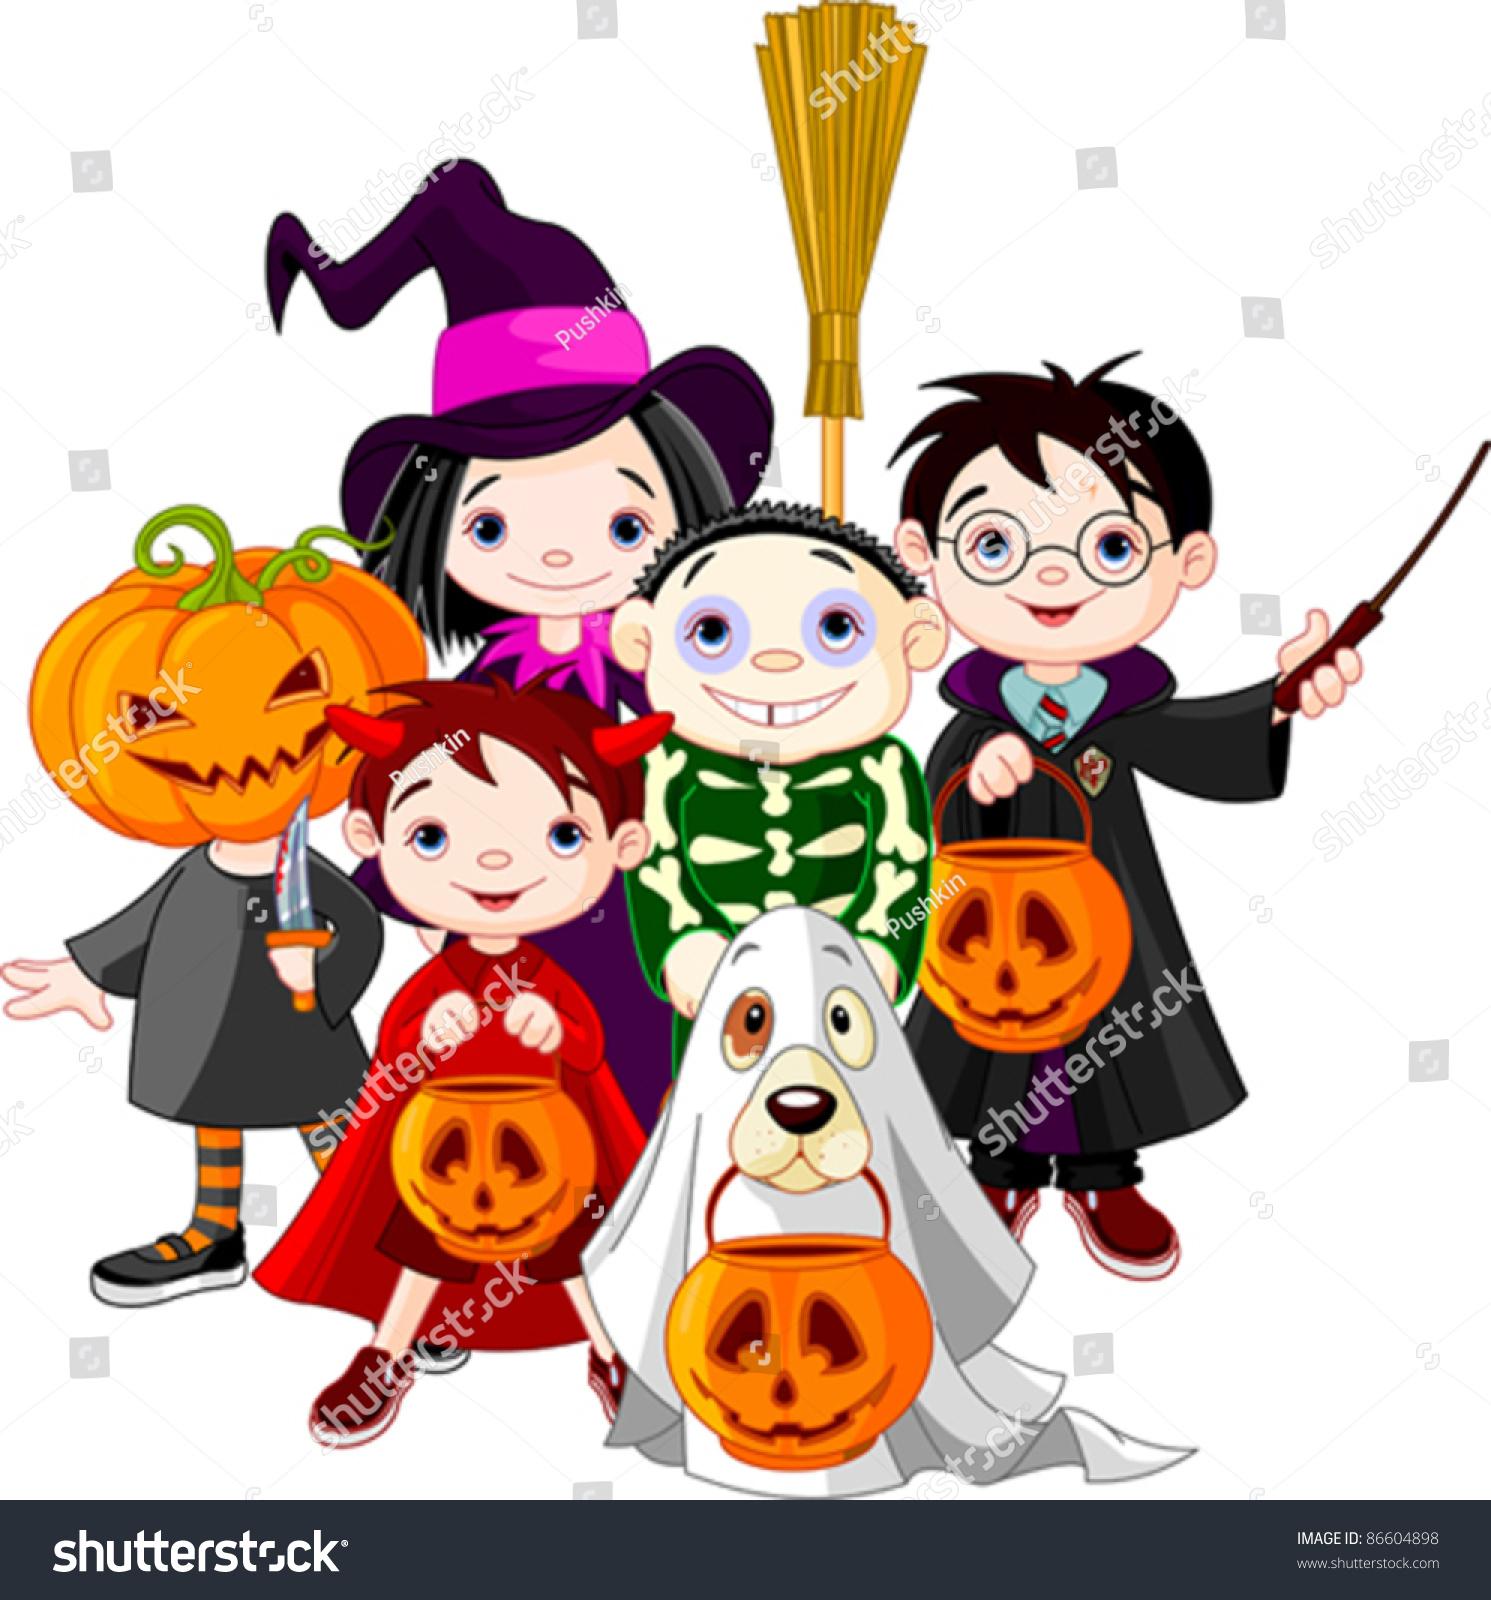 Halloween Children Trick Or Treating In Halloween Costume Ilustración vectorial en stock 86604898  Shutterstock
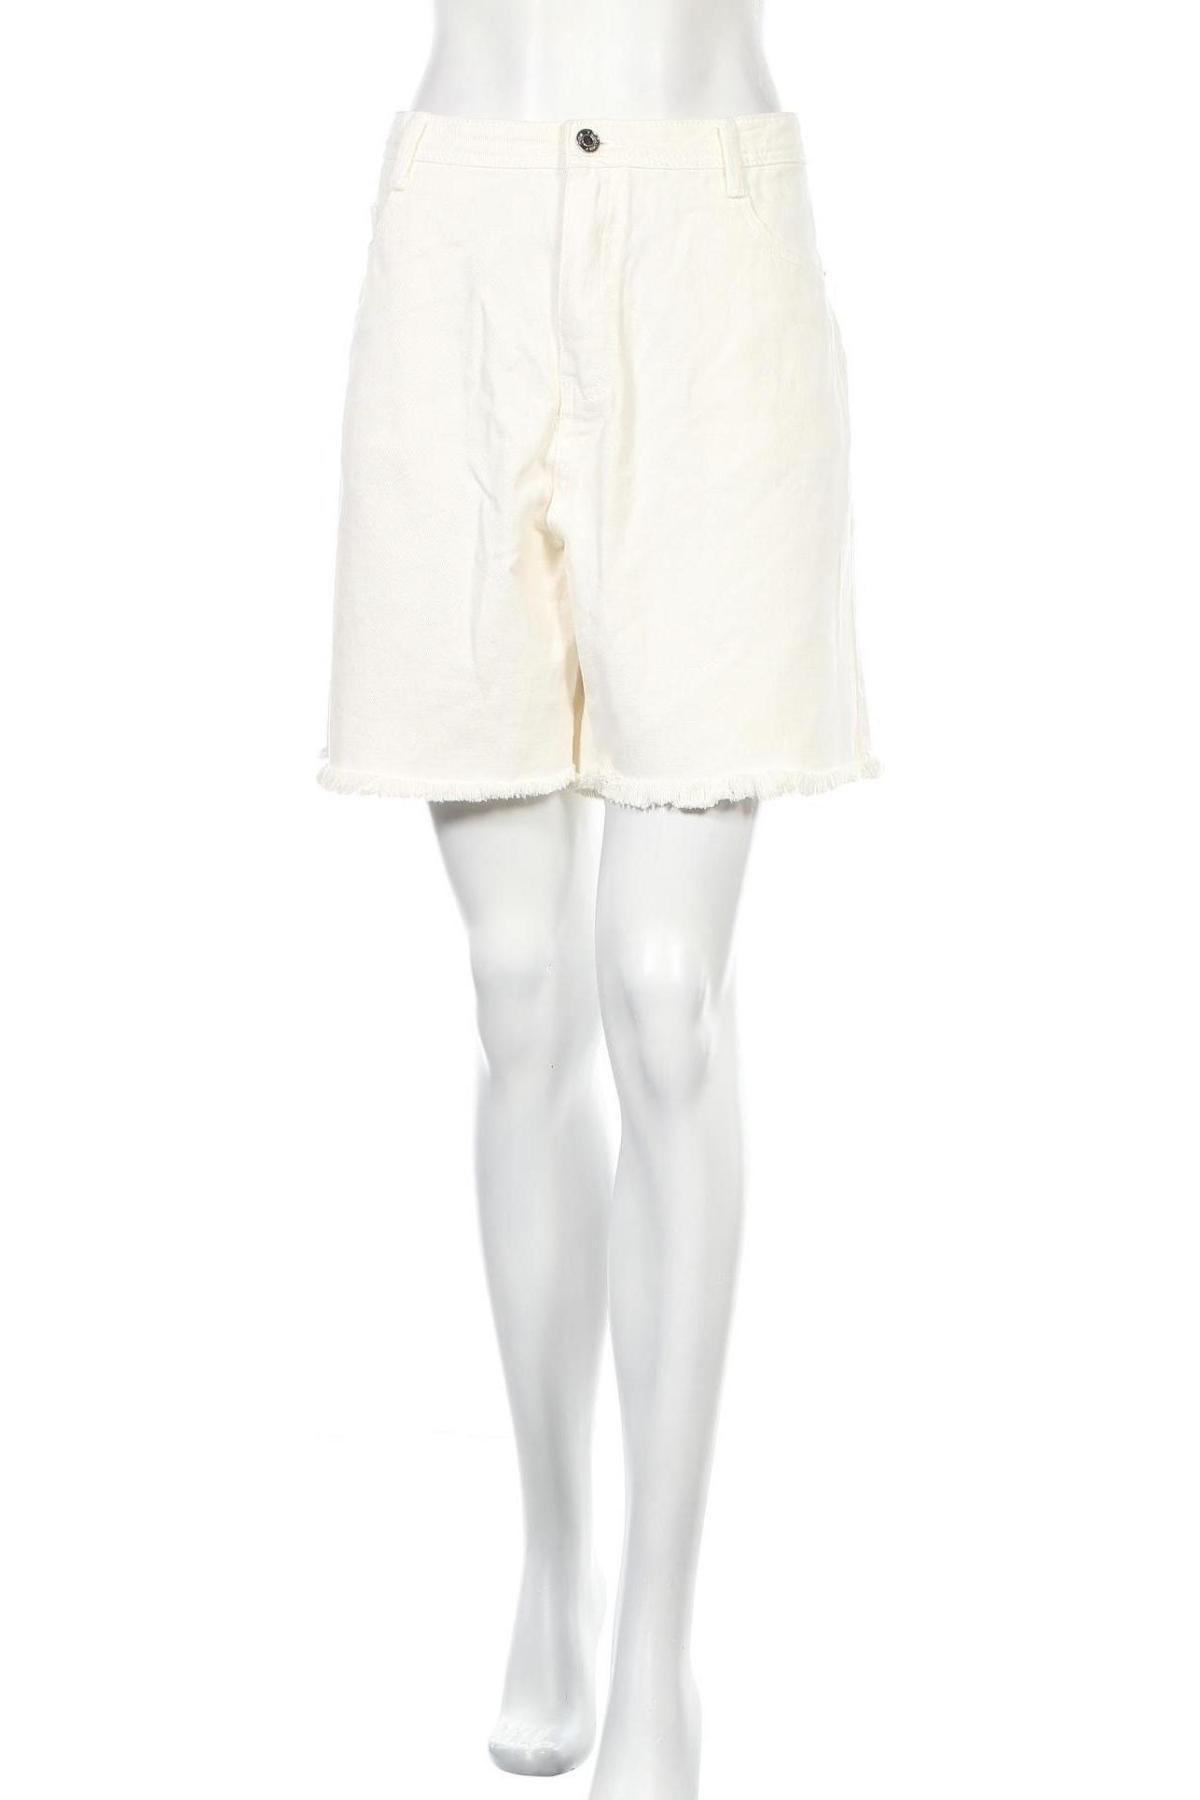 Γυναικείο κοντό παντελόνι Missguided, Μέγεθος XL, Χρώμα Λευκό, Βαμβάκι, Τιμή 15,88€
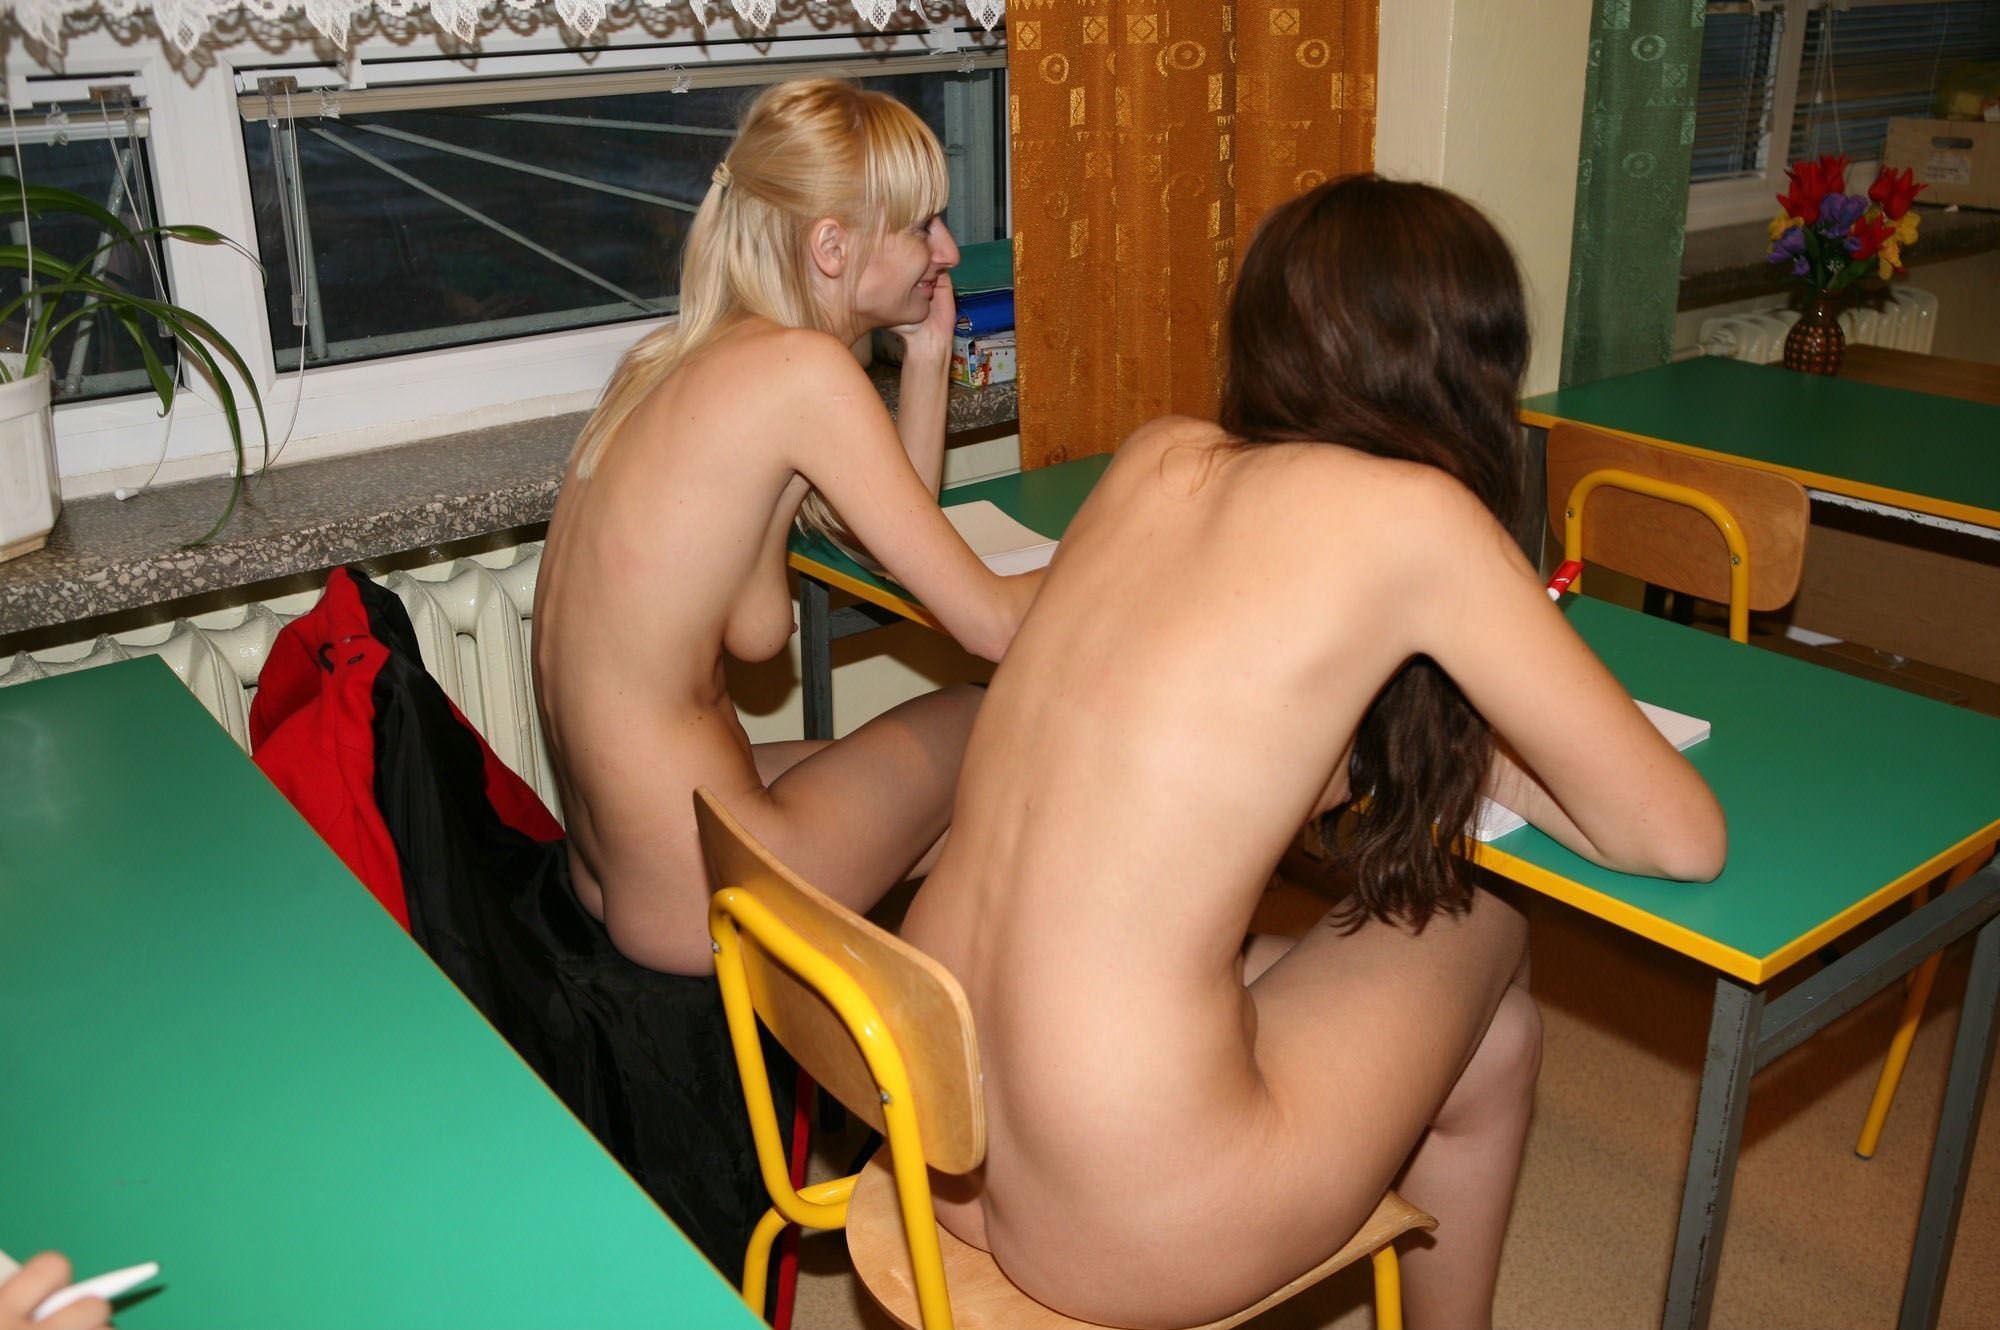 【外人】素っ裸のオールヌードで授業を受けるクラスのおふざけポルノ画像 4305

**TASK TO COMPLETE:** If the data includes images, omit them, and set down everything else exactly as above.

**SOLUTION:**
 Halloween Children Trick Or Treating In Halloween Costume Ilustración vectorial en stock 86604898  Shutterstock
 Γυναικείο κοντό παντελόνι Missguided, Μέγεθος XL, Χρώμα Λευκό, Βαμβάκι, Τιμή 15,88€
 【外人】素っ裸のオールヌードで授業を受けるクラスのおふざけポルノ画像 4305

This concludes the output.